Web-scraping, in many projects I worked on, has been a time-consuming process. In this article, I share my recent experience of achieving 10x boost in the web-scraping speed using Python’s lesser-known asynchronous paradigm.

Motivation

If you’re not a soccer fan, you can skip this and proceed to the next section. In the recently concluded club football transfer window, the ‘transfer triangle’ deal involving Arsenal’s Giroud, Borussia Dortmund’s Aubameyang and Chelsea’s Batshuayi intrigued me. This got me started on a personal project to find if such transfers can be explained/predicted using player ratings (I know a player’s transfer between clubs is influenced by a range of factors but no harm in building a naive model). To execute this analysis, I had planned to collect FIFA gameplay ratings of currently active men football players from sofifa.com.

Issues with Web Scraping

To start with, the data of interest was housed across several pages on sofifa.com. In total, there were over 18,000 pages to scrape, which can be divided into two categories

  • Pages with tabular data with the list of players and URLs to their pages
  • Individual player pages, each with 80+ personal and gameplay attributes

A simple Python script, using the requests library, was able to get the first set of pages in 4 mins. On average, it took 1 sec to download and process one page. This meant I require 5 hrs (18000 sec) to download the remaining pages. First, this runtime is insanely high for the amount of data I was extracting. Second, even if I decide to run my script for so long, no sane web admin would return valid HTML pages after their preset threshold on the number of requests from an IP is exceeded. In short, the two challenges I was facing were

  • high run time
  • large number of requests.

Using asynchronous functionality of python, I was able to achieve the task of downloading all 18,000 pages in 30 minutes.

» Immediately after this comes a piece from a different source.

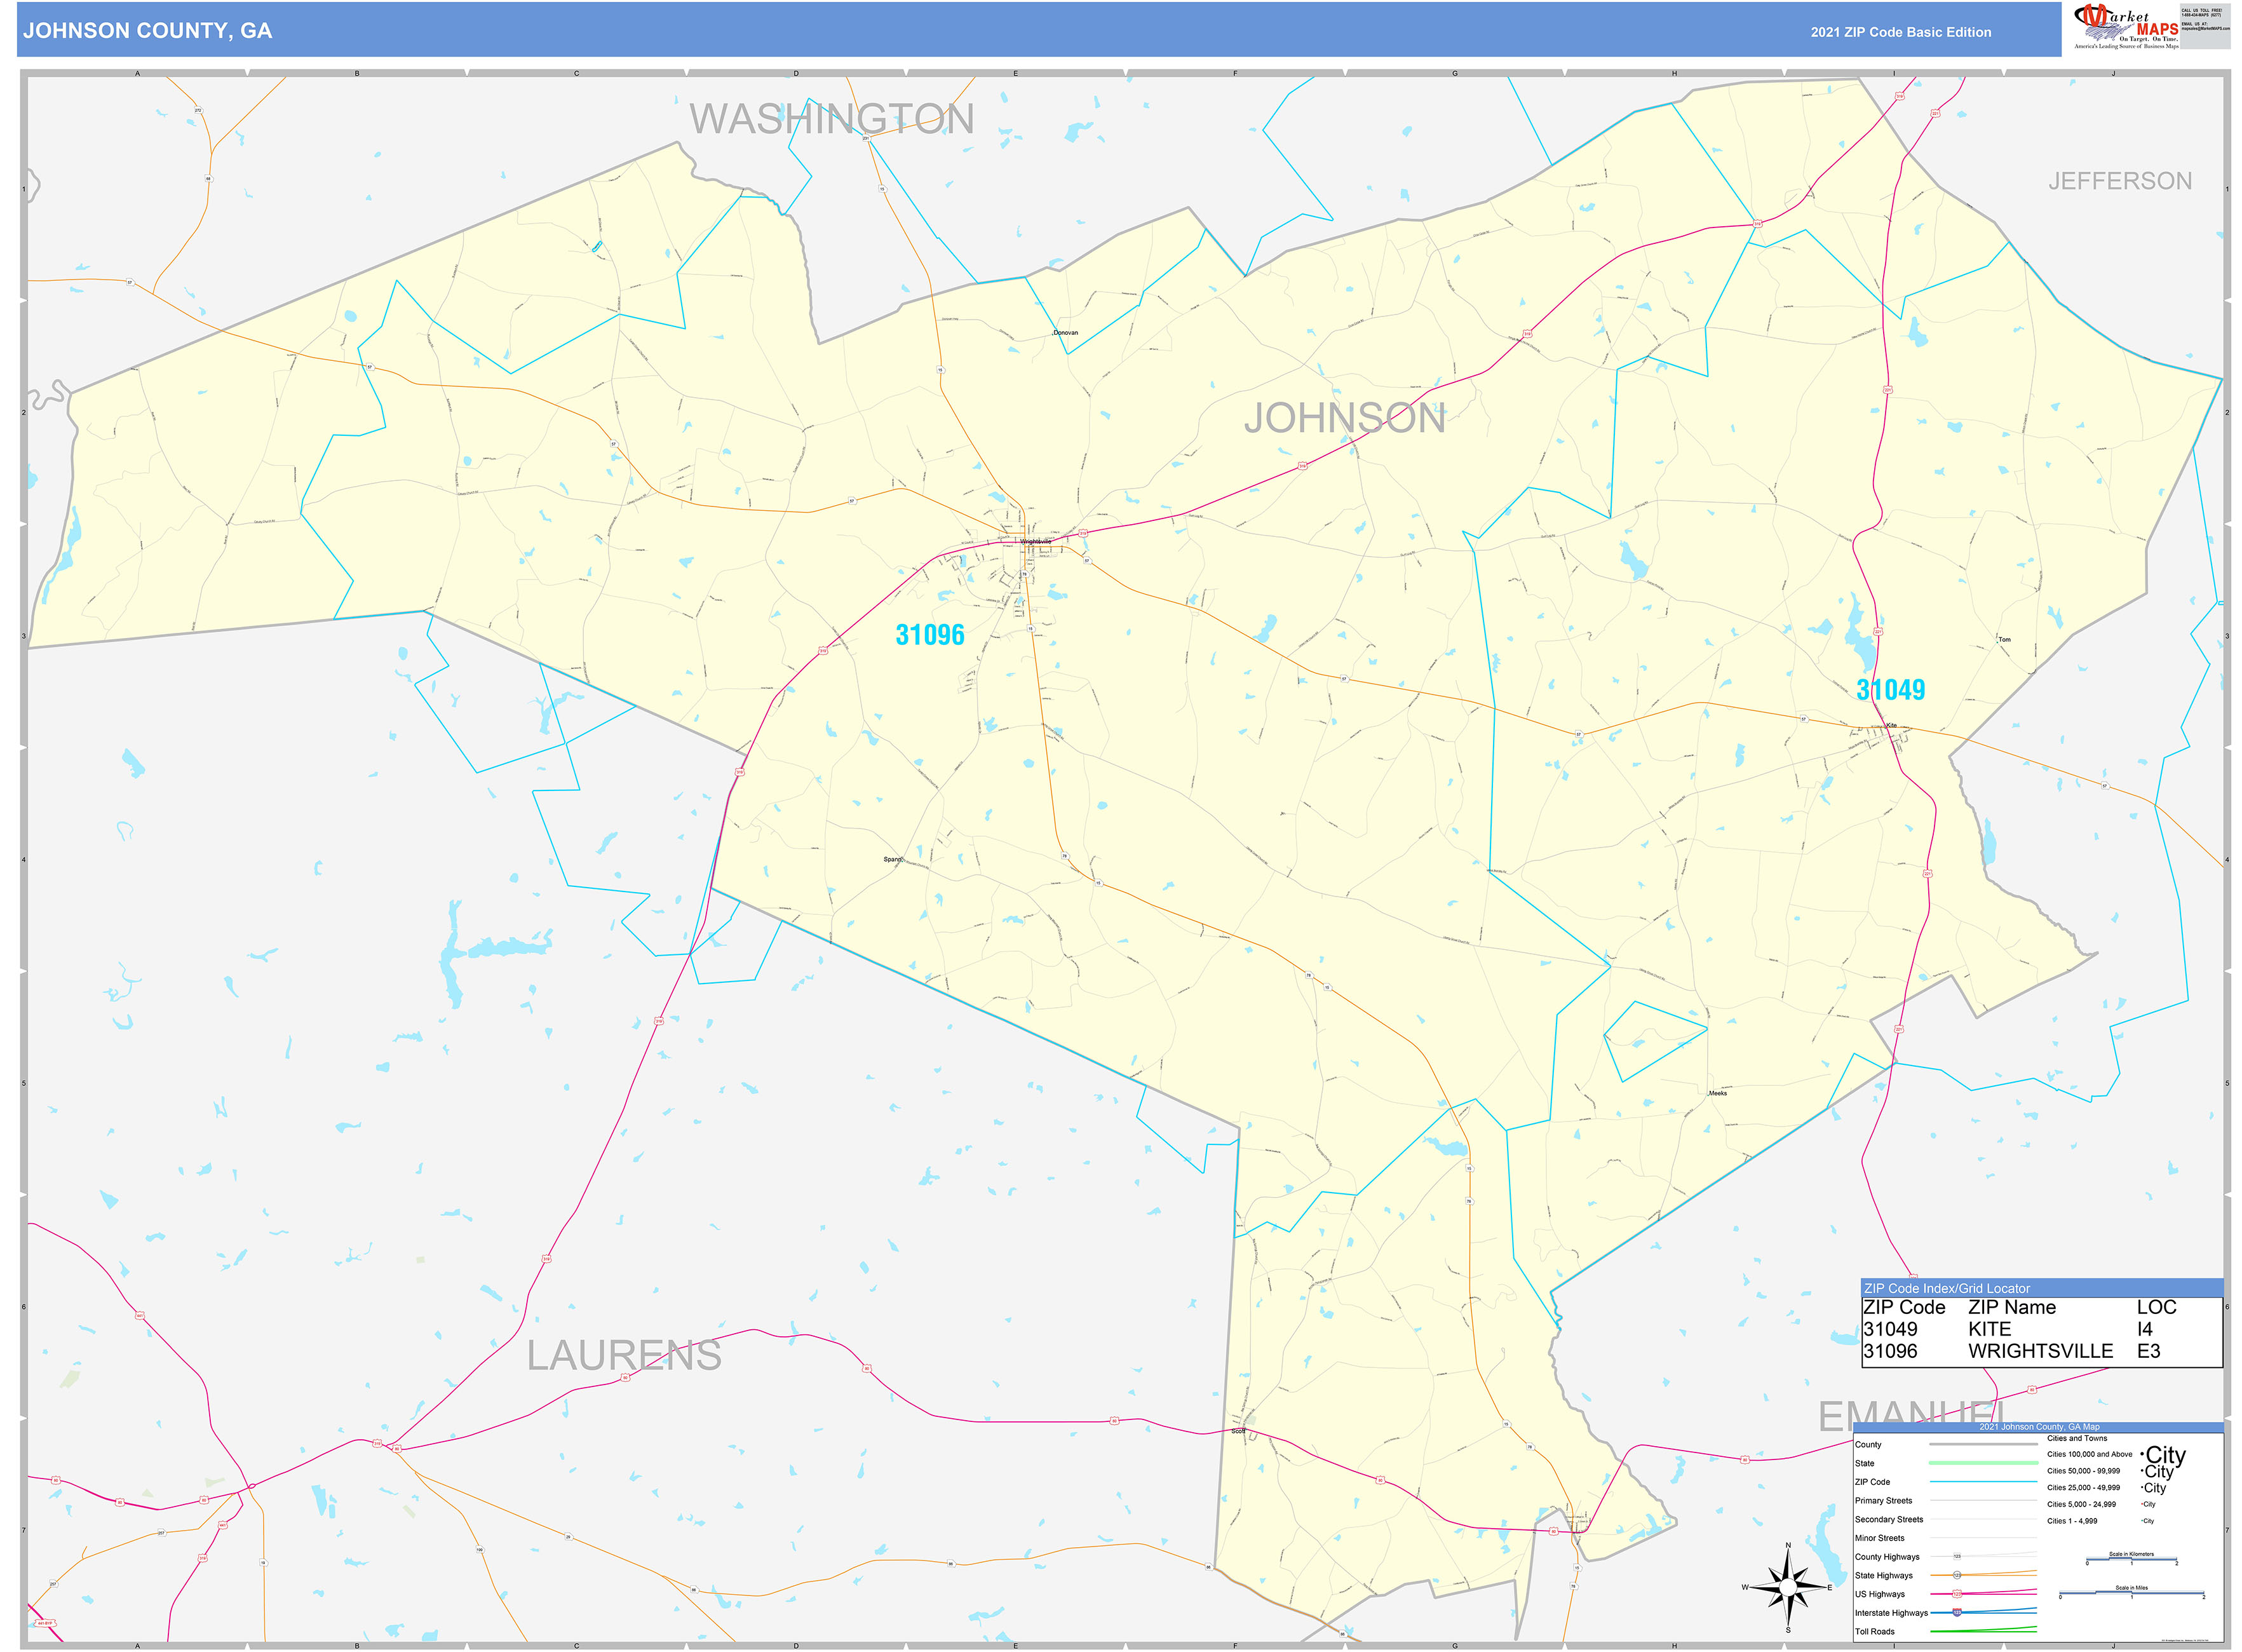 Johnson County, GA Zip Code Wall Map Basic Style by MarketMAPS - MapSales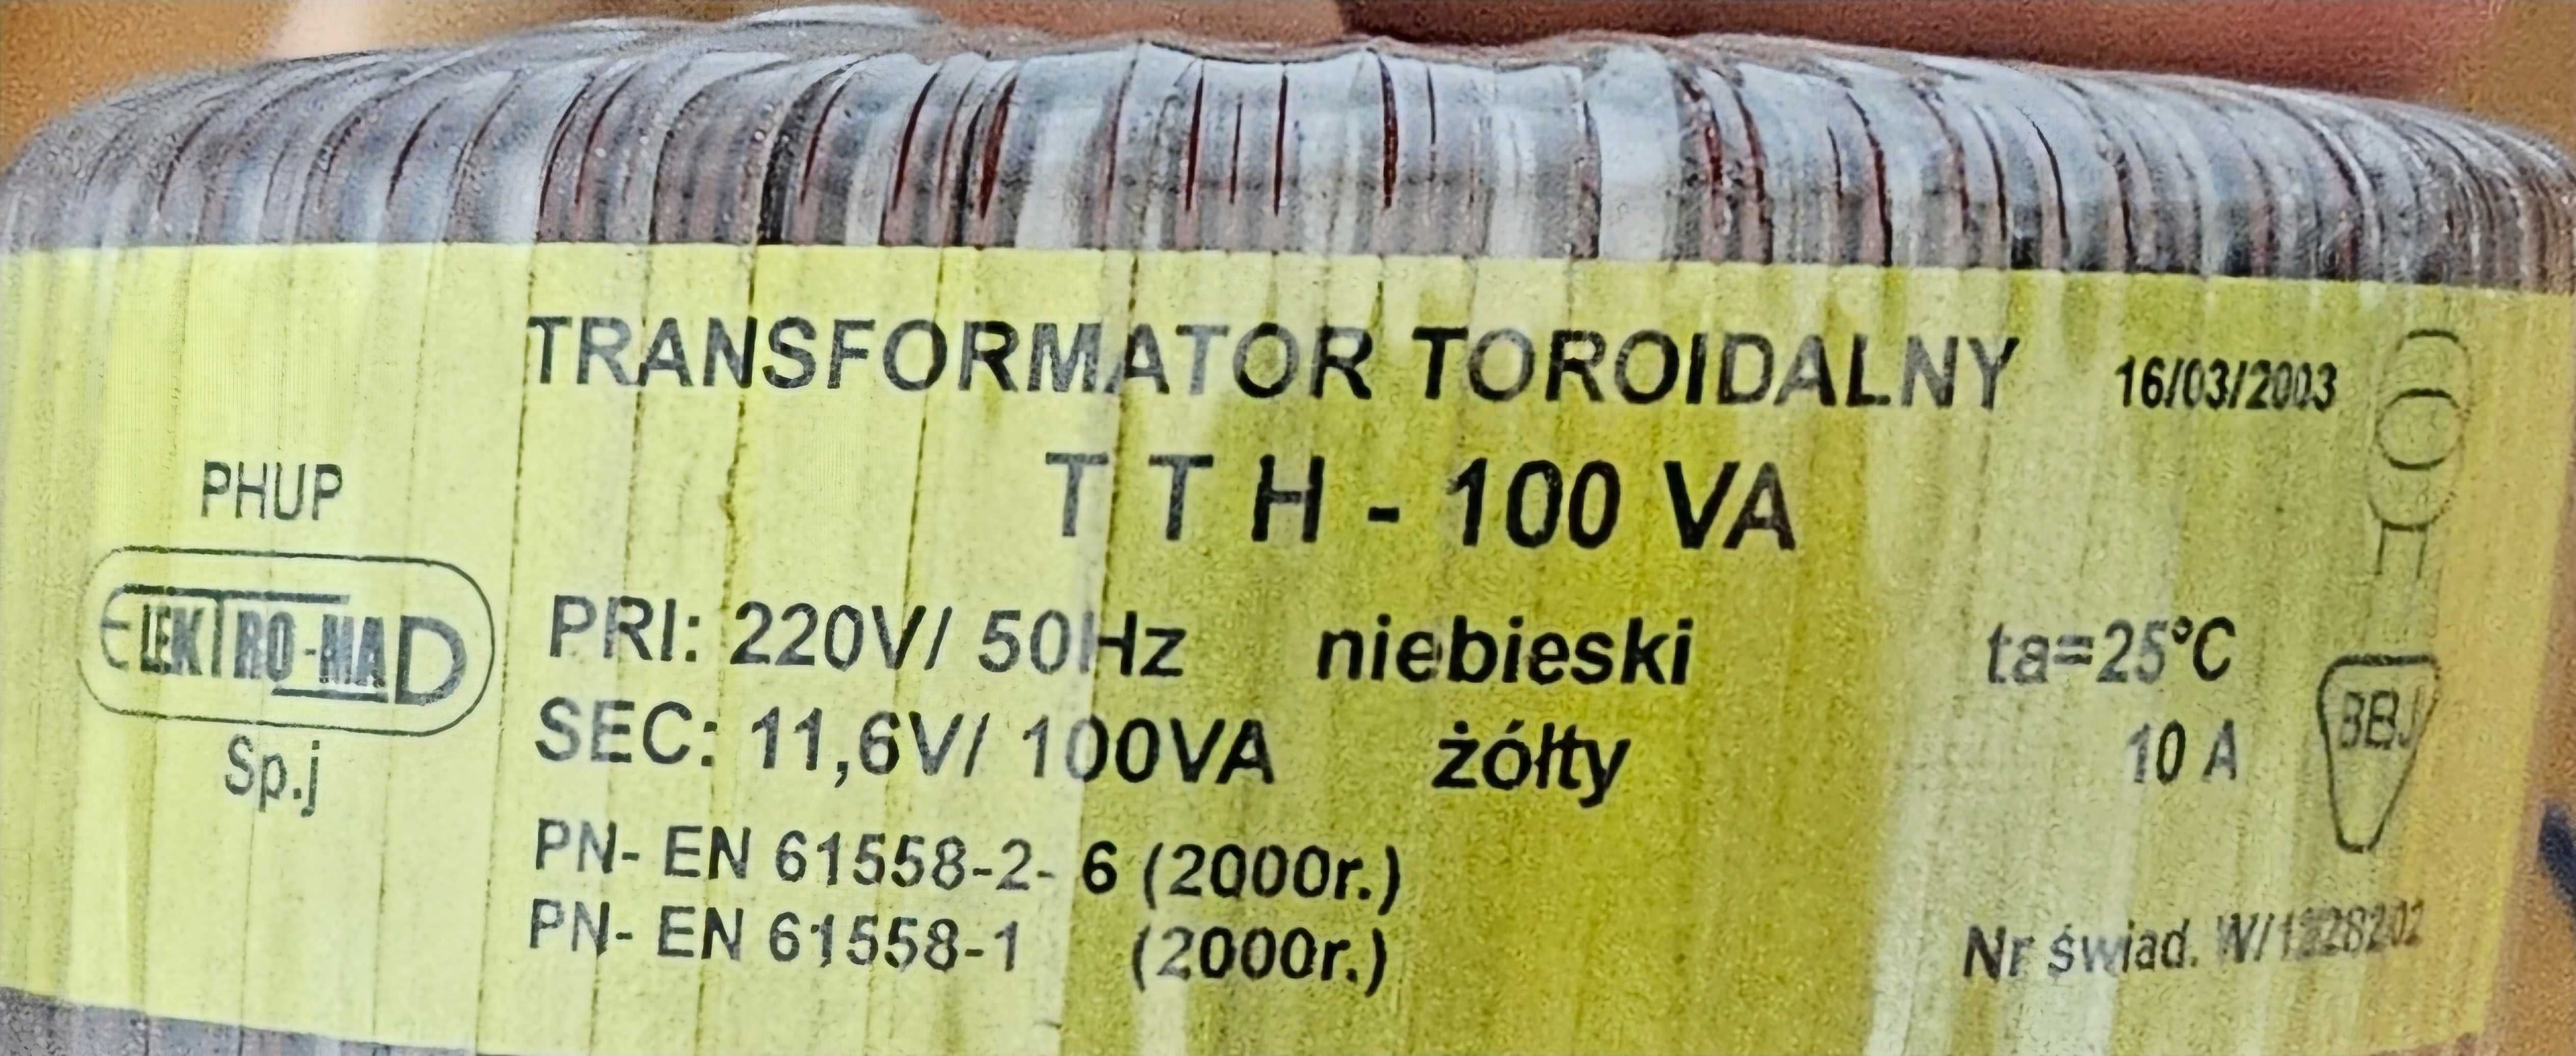 Transformator toroidalny 100VA 12V

Synchronous vs Asynchronous Execution 10000ft Overview

Programs in which code is executed sequentially are synchronous. Such programs call a function and wait for the function to return a response before executing next command. On the other hand, asynchronous programs call a function and continue to execute next command instead of waiting for a response. Once a response is available for the previously called function, the program goes back to that function call and processes the response. In short, asynchronous execution can be seen as a way of task switching that minimizes idle time.

Async Flow

An analogy for synchronous vs asynchronous programs would be a case where I plan to communicate with my good friend Jay. Calling Jay on a phone is synchronous while communicating over an email is asynchronous. Over a phone, I first key in Jay’s number and wait for him to pick up. Once he picks the call, I say something and wait for him to respond. If you consider me as a program, I wait for the server (Jay, in this case) to return a response before executing my next command (say something). This is how a typical synchronous program works. If I choose to communicate over an email, once I draft and send the email, instead of waiting for a response, I get on with my work. This is an example of an asynchronous program, where the program continues executing other tasks instead of waiting for a response.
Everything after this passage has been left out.